63 Alcune osservazioni interessanti su partecipazione, apatia e alienazione si trovano in La Palombara

indifferenza più che da ostilità o risentimento, anche se le ragioni che sottendono a questa posizione possono essere diverse (Raniolo, 2002). Un primo modello di lettura dell’astensionismo da apatia è quello che lo collega alla lontananza degli individui rispetto ad una serie di fattori strutturali (socioeconomici, culturali, di genere, demografici e relazionali) in grado di stimolarne l’attivazione politica. Si tratta del modello classico della centralità-perifericità, nelle sue versioni più semplici o più elaborate. Tuttavia, si fa rilevare come l’astensionismo da marginalità tenderebbe verso un progressivo calo dovuto alle trasformazioni sociali, economiche, culturali e tecnologiche delle democrazie contemporanee (Inglehart, 1983). La seconda lettura che si offre dell’astensionismo da apatia ha a che fare con la crescita nelle società occidentali di orientamenti individualistici e di stili di vita centrati sull’autorealizzazione personale, tali per cui sono tutte le esperienze di tipo solidaristico-collettivo a suscitare un minore interesse nella maggior parte degli individui. Vi è infine la terza spiegazione che riconduce l’apatia alla crisi delle capacità di rappresentanza e di mobilitazione delle organizzazioni politiche, ed in primis i partiti. In questo caso, la marginalità dell’elettore non è collegata né alla mancanza di risorse né al prevalere di valori individualistici ma alla difficoltà di individuare dei circuiti organizzativi o delle reti di relazioni in grado di sostituirsi ai tradizionali canali partitici e di avvicinare nuovamente i cittadini alla politica. L’attuale presenza di forme di indifferenza per la politica sarebbe così il risultato di una non rispondenza tra nuove forme di domanda politica e strutture partecipative tradizionali, che spingerebbe a parlare più che di apatia di “frustrazione” politica (Millefiorini, 2002).
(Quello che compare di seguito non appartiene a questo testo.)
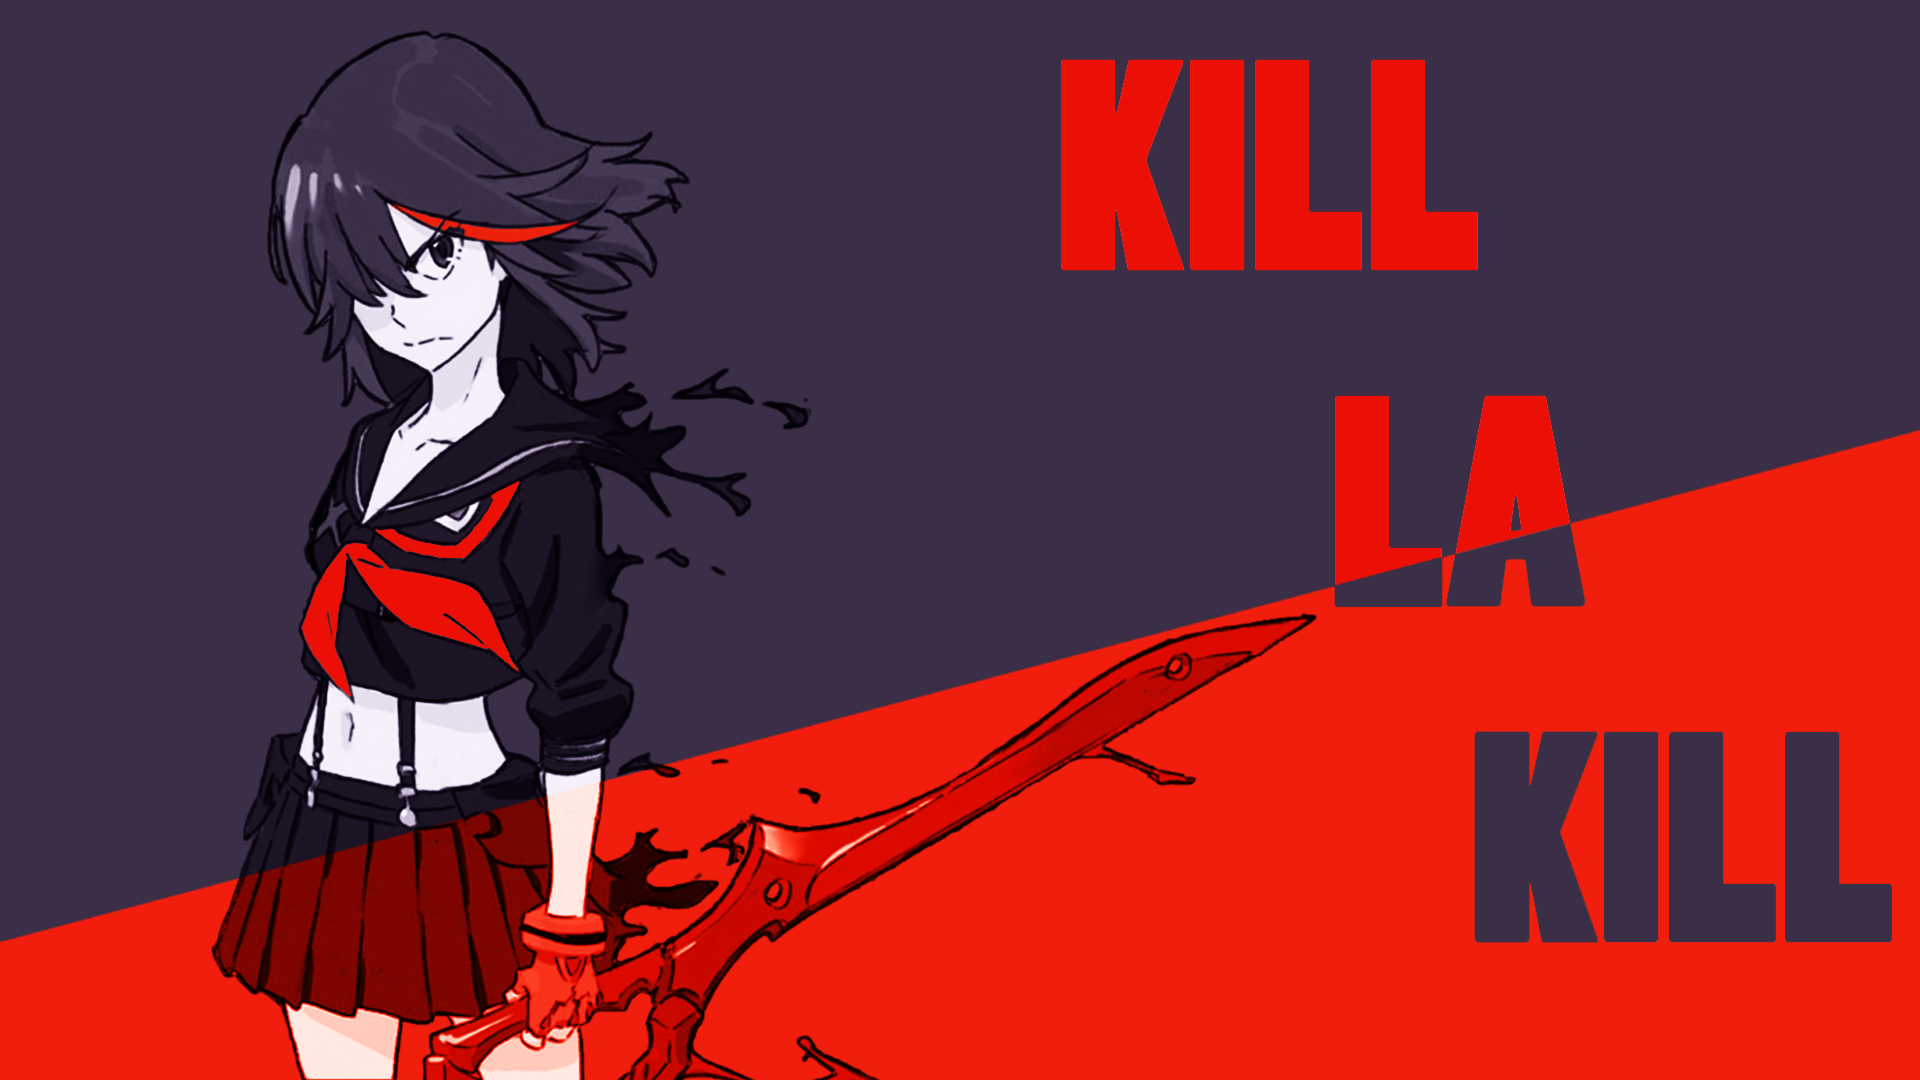 kill la kill free online dubbed

Diversamente da quello per apatia, l’astensionismo per protesta non mostra un cittadino disinteressato alla politica ma un cittadino deluso, quando non anche disgustato, che esprime il suo disappunto rifiutandosi di votare. In questo caso, l’astensione è una non-azione che diventa una delle possibili scelte del vasto repertorio di modalità di relazione con il sistema politico. Attraverso la protesta passano diversi significati. Questi sono alla base della tipologia di “astensionisti per protesta” elaborata da Raniolo (2002), in cui si distinguono: 1) coloro che esprimono un “non voto ideologico”, cioè degli astensionisti arrabbiati che si avvicinano ai temi dell’antipolitica e dell’antipartitismo e che probabilmente si astengono stabilmente dal voto; 2) coloro che esprimono un “non voto strategico di tipo punitivo”, i quali si astengono perché in una determinata congiuntura non si ritrovano nella posizione di nessun partito o non trovano tra i candidati nessuno che catturi la propria fiducia; 3) coloro che esprimono un “non voto da reidentificazione”, ossia che stanno maturando la scelta di cambiare identificazione partitica o di coalizione. Pur esprimendo una forma di distanziamento, temporaneo o permanente, l’astensionismo per protesta non individua una posizione di distanza estrema dalla politica. È, infatti, possibile che pur decidendo di non recarsi a votare questi cittadini si relazionino con la

politica attraverso altre modalità, più o meno ortodosse e istituzionalizzate. Ma quand’anche la vicinanza alla politica non si traducesse in comportamenti concreti e visibili, rimane ancora quella forma di partecipazione che è stata definita “latente” o “invisibile” e che chiama in causa la componente psicologica della distanza sociale.